サフラン[さふらん]

サフランの概要

サフランはアヤメ科に属し、古くはクノックス宮殿が所在するクレタ島には、サフランを採取する人の姿が壁画として残されています。昔から欧米では、ハーブ或いは香辛料として利用されてきた経緯があり、今でもイタリアやスペインといった国々においてサフランが生産されています。主にスパイスハーブとして普及しており、ブイヤベース或いはバエリヤなどに欠かせないものとなっています。

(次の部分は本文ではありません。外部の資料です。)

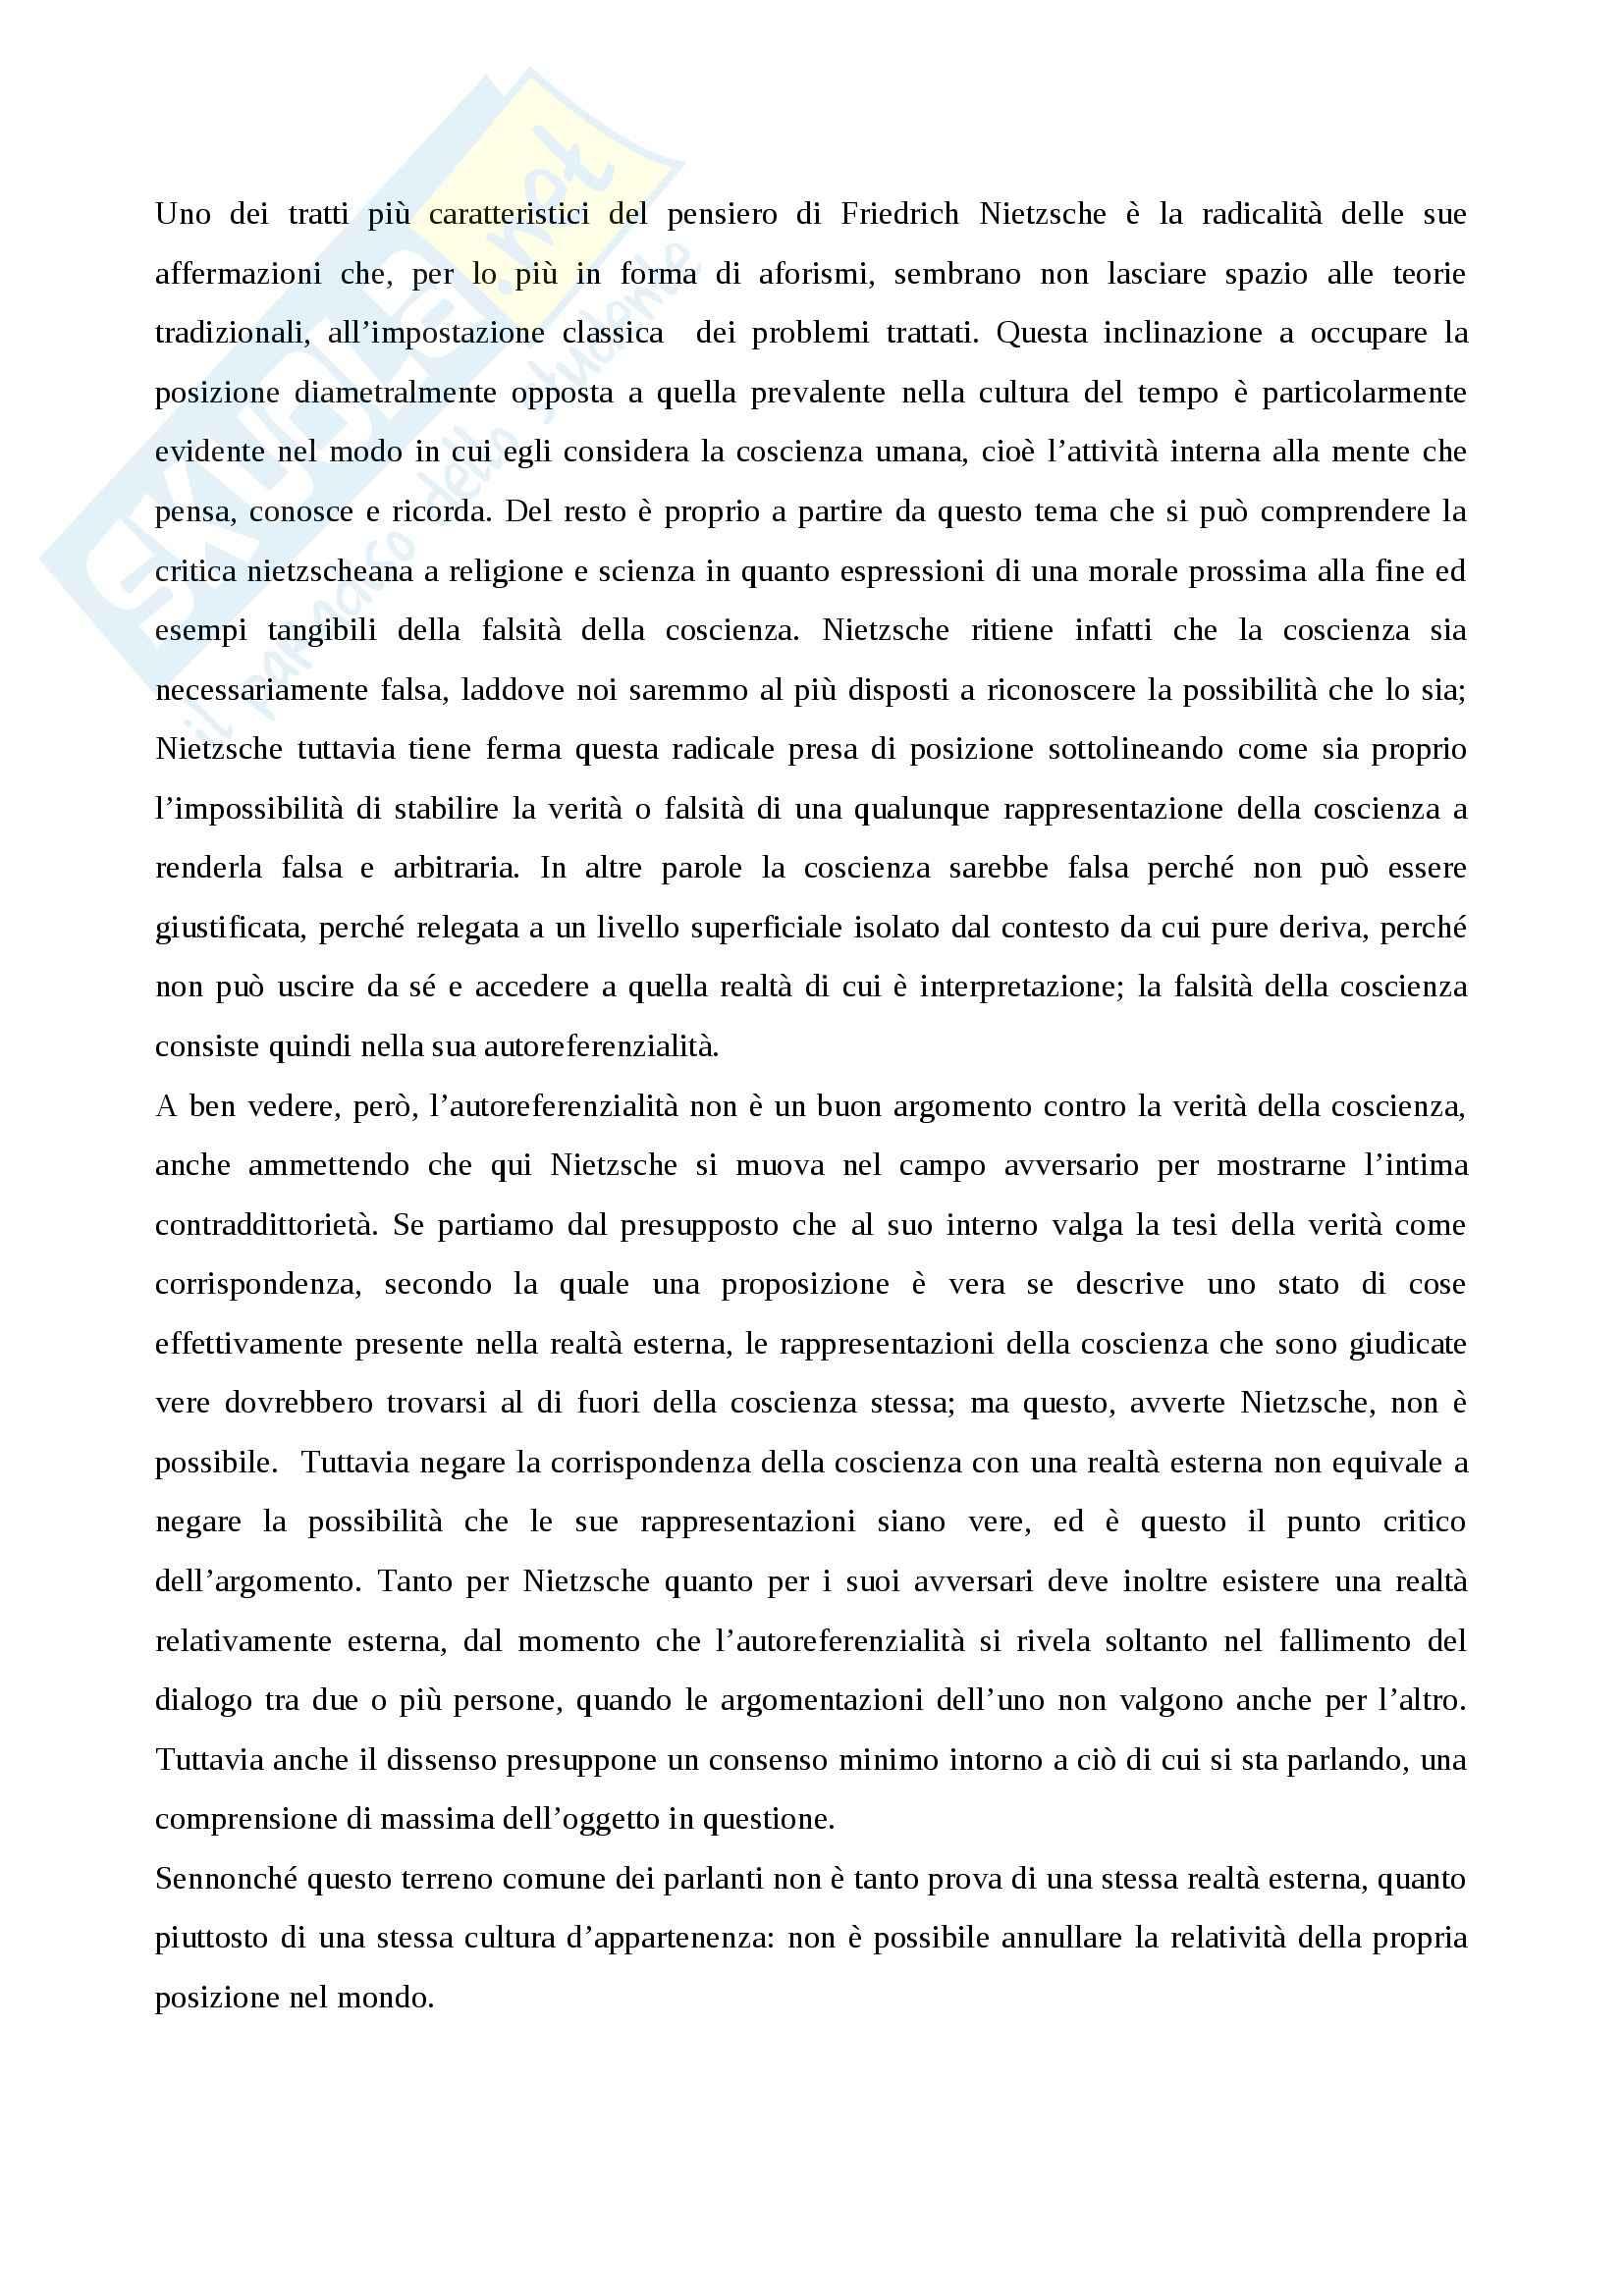 Ermeneutica filosofica - Nietzsche e il tema della coscienza

花柱100万本で、乾燥させたサフランを凡そ二キログラム程度生産することが可能です。ハーブティーとして利用しているのは、中東諸国などで、収穫直後、柱頭を採取してから乾燥させたものを用います。主にヒステリーや冷え性、生理痛といった症状の改善に有効とされていて、これはさふらんに鎮痙や鎮静、通経作用があるからだと言われています。さふらんは黄色に唾液を変色させますが、これは黄色色素成分であるクロシンと呼ばれる水溶性のカロテノイド類によるものです。また同じ水溶性のカロテノイドでは、他にも苦味配糖体ピクロクロシンと呼ばれる無色の成分やその分解物となるサフラナールと言われるテルペンアヒドといった成分も含有しています。

さふらん/ハーブで期待される効能・効果

鎮痙、鎮静、通経、血行促進作用など。主に自律神経失調症や冷え性、神経興奮である喘息や痙攣といった症状の改善目的で利用されています。使用を控えるケースでは、十グラム以上を一日で使用した場合で、これ以上利用すると堕胎の可能性が高まると言われています。副作用では、皮膚が黄色に変化したり、子宮出血、及び嘔吐といった症状が現れることもあります。含有される成分では、ピクロクロシンなどの苦味配糖体、サフラナールといった精油成分、そして水溶性黄色カロテノイド色素であるクロシンといったものがあります。